Article ID Journal Published Year Pages File Type
3419773 Revue de Pneumologie Clinique 2009 8 Pages PDF
Abstract
The assessment of the postoperative risk in lung resection is a major challenge for pneumologists and thoracic surgeons. Restrictive syndromes have been observed along with a disproportionate decrease of FEV1 in lobectomies. The purpose of the present study is to describe the early response of pulmonary function after thoracotomy and resection for lung cancer. In a prospective study, the authors included 31 patients (19 lobectomy patients: mean age 59 ± 10 years and 12 pneumonectomy patients: mean age 56 ± 9 years) without postoperative complications. Pulmonary function tests were performed before and after surgery on Days 1, 5 (D5), 10 and within the fourth month. The main aspect of the ventilation was an unexpected similarity in subgroups during the early perioperative period up to D5. When compared with the preoperative value, about a 50% decrease in the vital capacity and total lung capacity was observed.

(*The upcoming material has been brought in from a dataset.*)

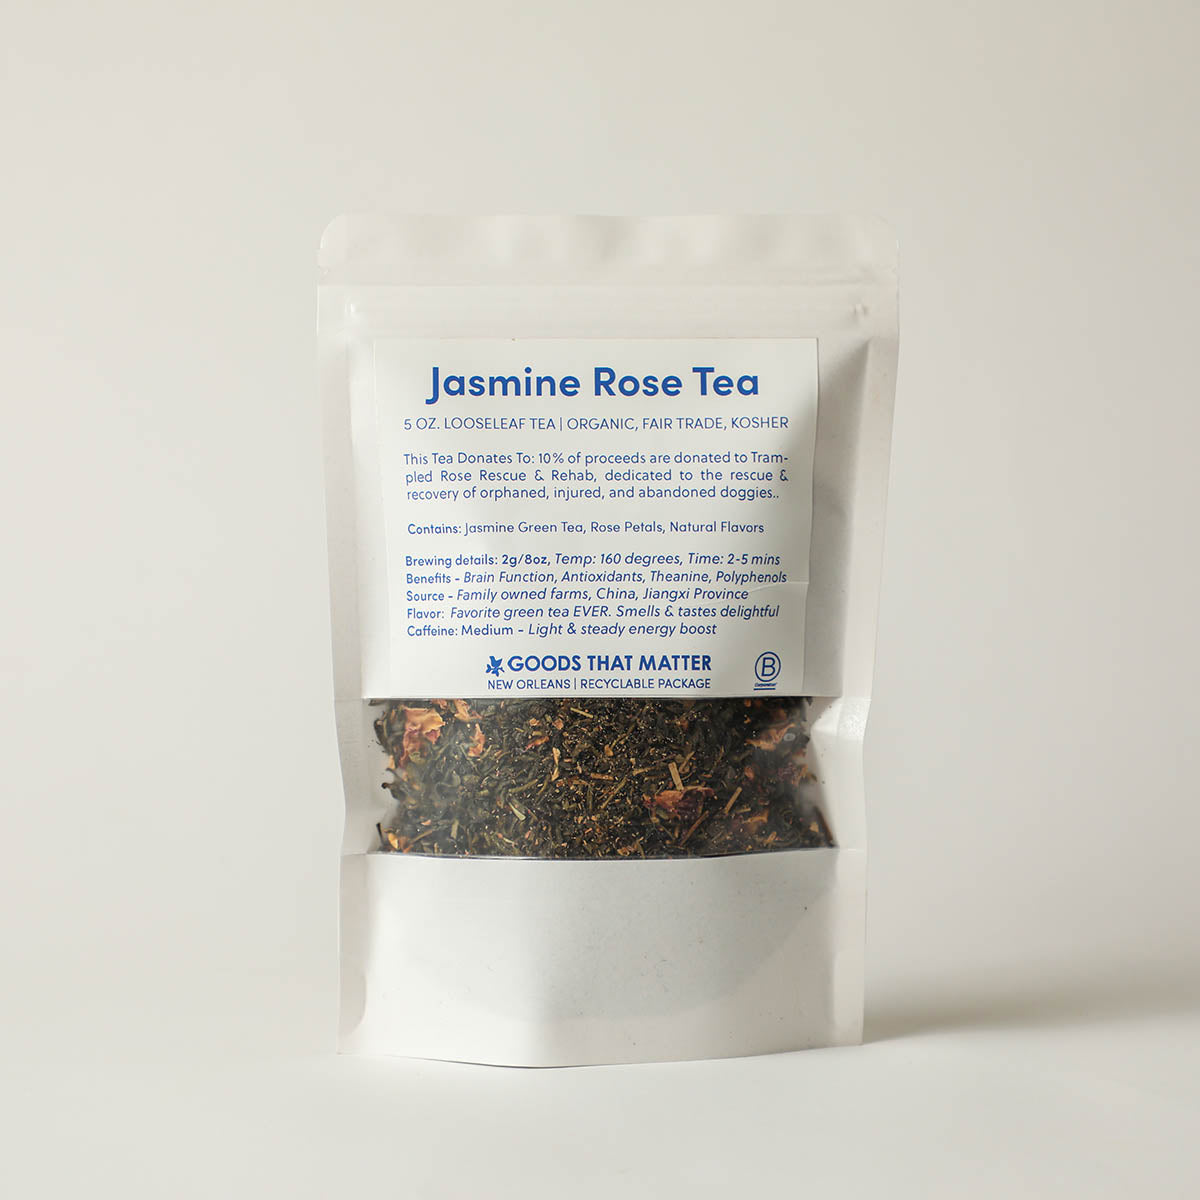 Jasmine Rose Looseleaf Benevolent Tea - Gives to Trampled Rose Rescue & Rehab
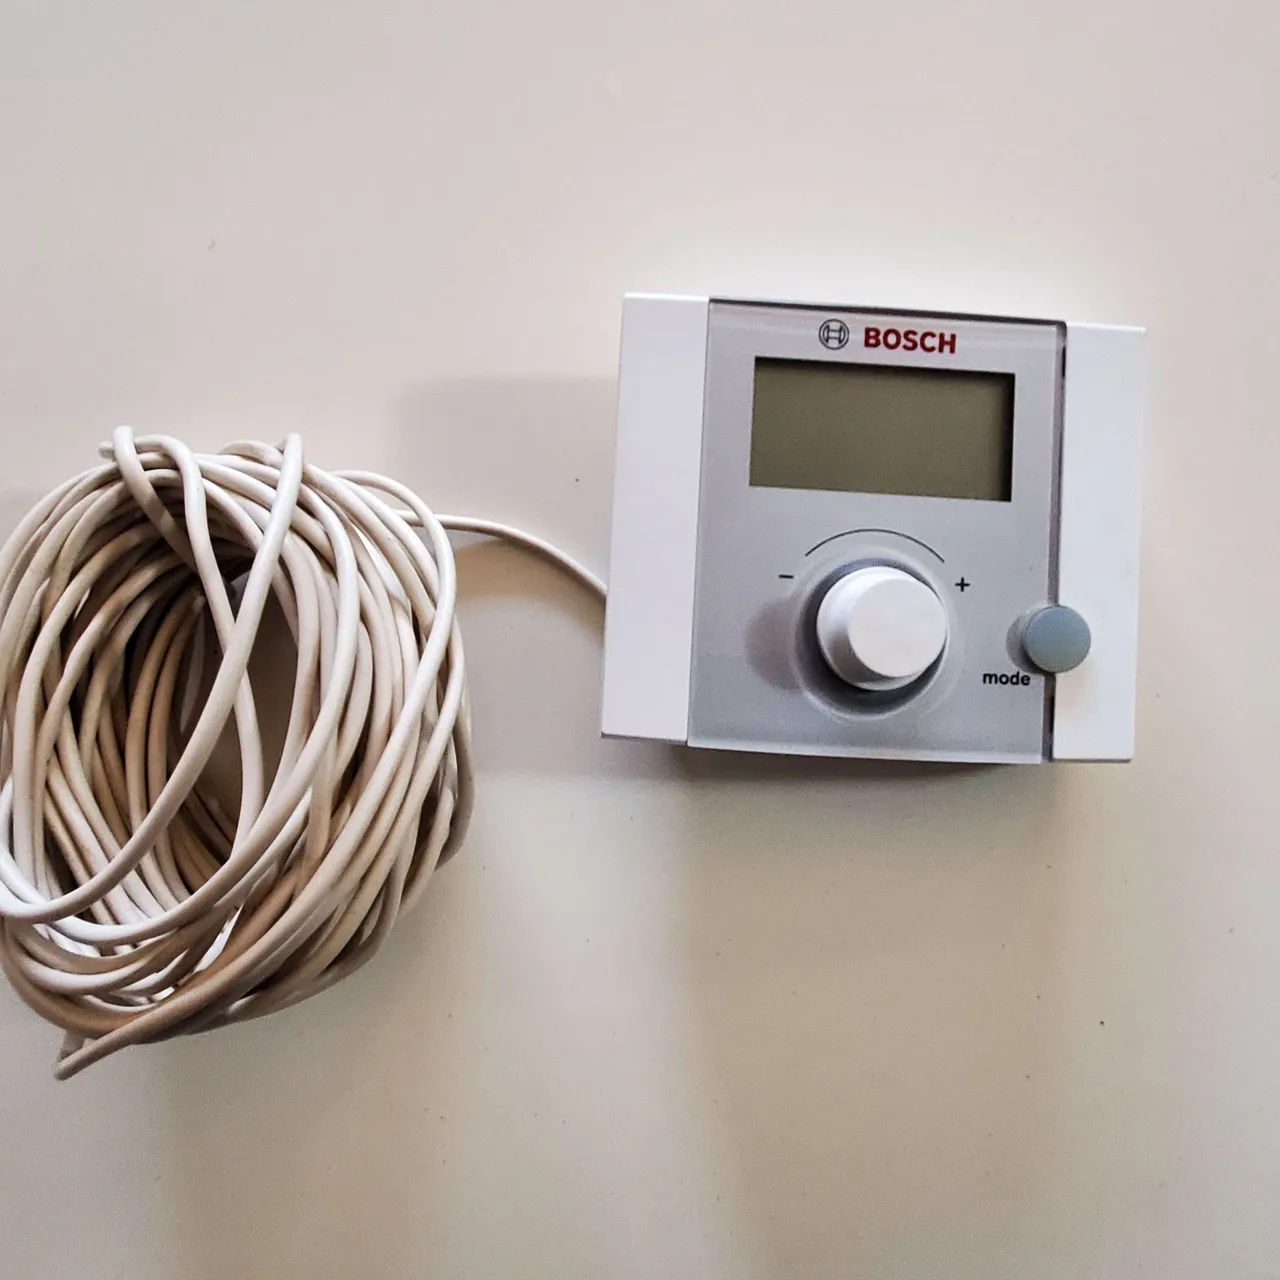 Bosch thermostat photo 1

In both subgroups about a 40% decrease was noted in the inspiratory and expiratory reserve volume. In the lobectomy sub-group, the change in the forced expiratory volume in one second over forced vital capacity (FEV/FVC) ratio was found to be higher than predicted (52 ± 16% at D5 versus 67 ± 14% predicted). However, the FEV/FVC ratio did not change, attesting to major restrictive ventilation. Partial recovery of the FEV was dependant on the mobile volume and especially the inspiratory volume. These findings should have implications in patient management.